» **DATASET CONTENT**:
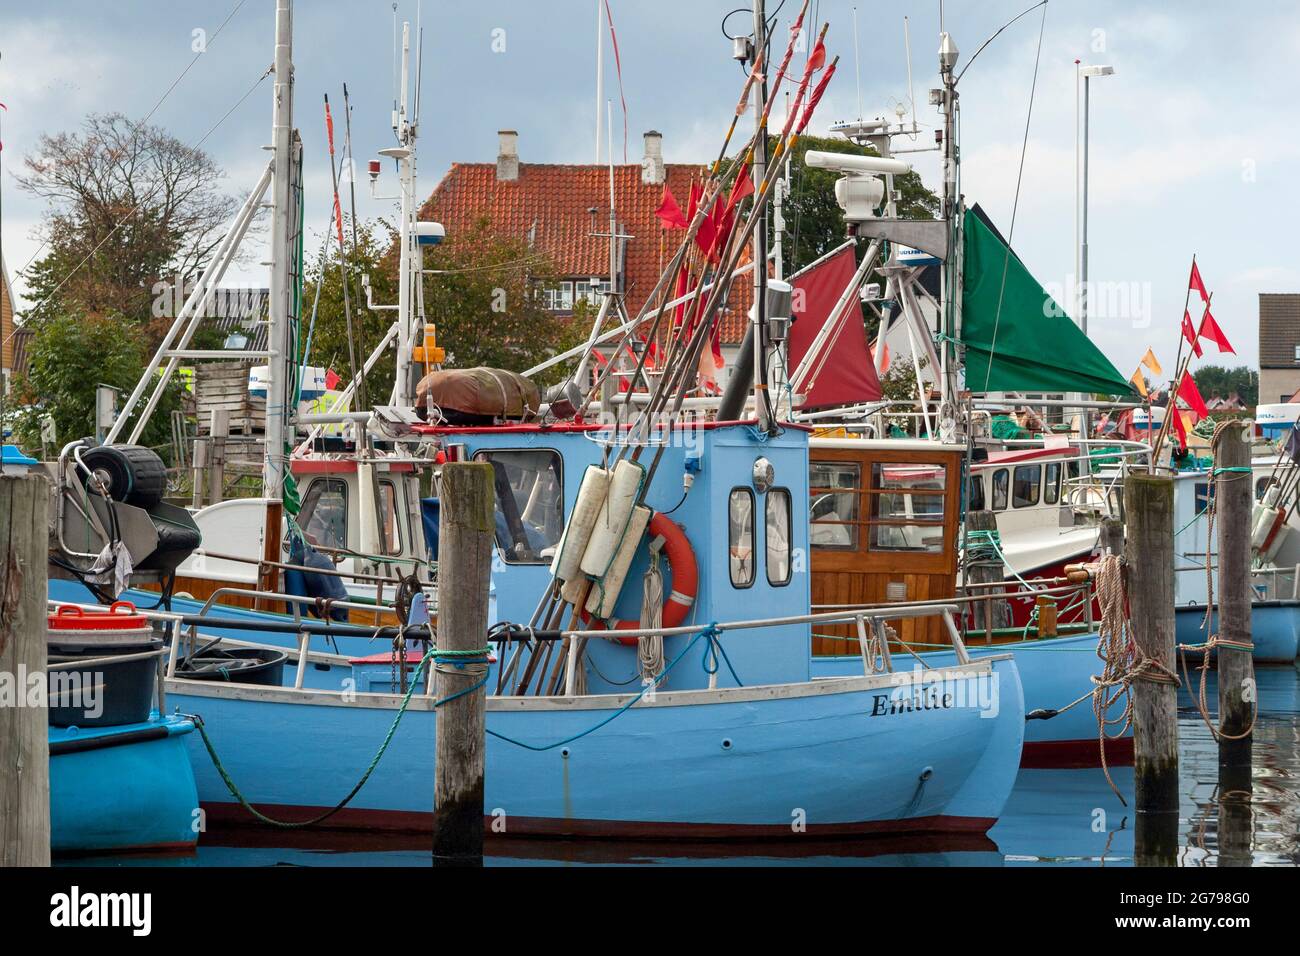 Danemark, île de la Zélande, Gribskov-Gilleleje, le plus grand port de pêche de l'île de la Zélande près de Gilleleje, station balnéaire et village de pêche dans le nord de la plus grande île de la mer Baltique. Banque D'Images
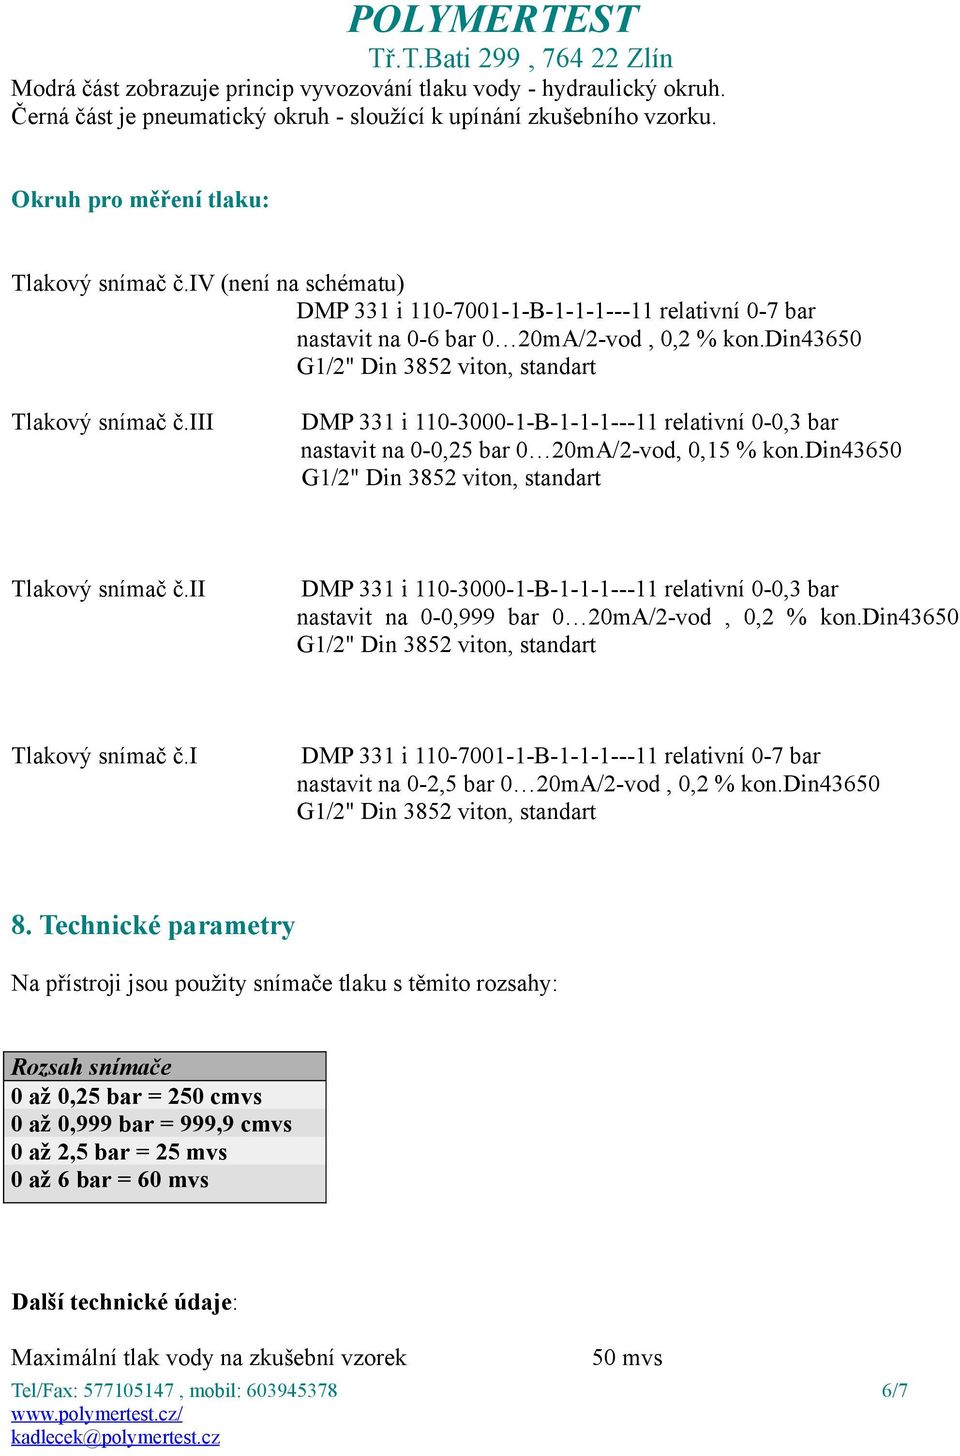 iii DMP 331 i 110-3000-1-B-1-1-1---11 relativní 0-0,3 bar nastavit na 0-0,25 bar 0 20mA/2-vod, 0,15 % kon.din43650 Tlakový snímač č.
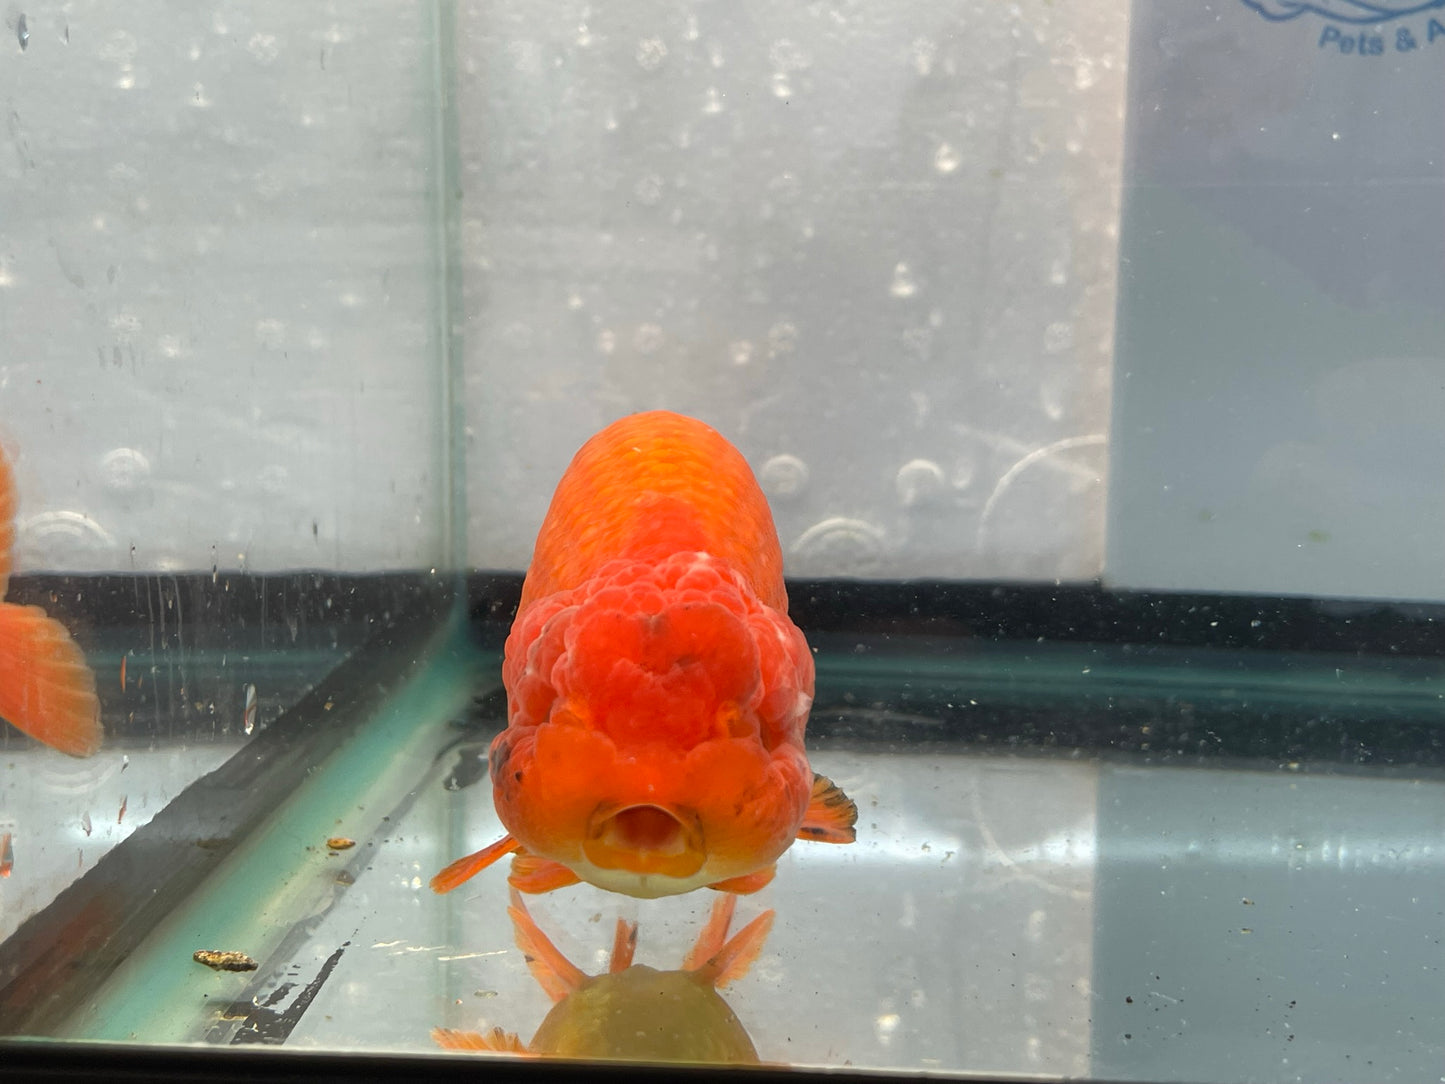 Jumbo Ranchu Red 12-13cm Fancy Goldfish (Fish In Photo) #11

» **YOUR TASK**: Copy the material above word for word, images excluded.

» **WRITTEN ANSWER**:
 Danemark, île de la Zélande, Gribskov-Gilleleje, le plus grand port de pêche de l'île de la Zélande près de Gilleleje, station balnéaire et village de pêche dans le nord de la plus grande île de la mer Baltique. Banque D'Images
 iii DMP 331 i 110-3000-1-B-1-1-1---11 relativní 0-0,3 bar nastavit na 0-0,25 bar 0 20mA/2-vod, 0,15 % kon.din43650 Tlakový snímač č.
 Jumbo Ranchu Red 12-13cm Fancy Goldfish (Fish In Photo) #11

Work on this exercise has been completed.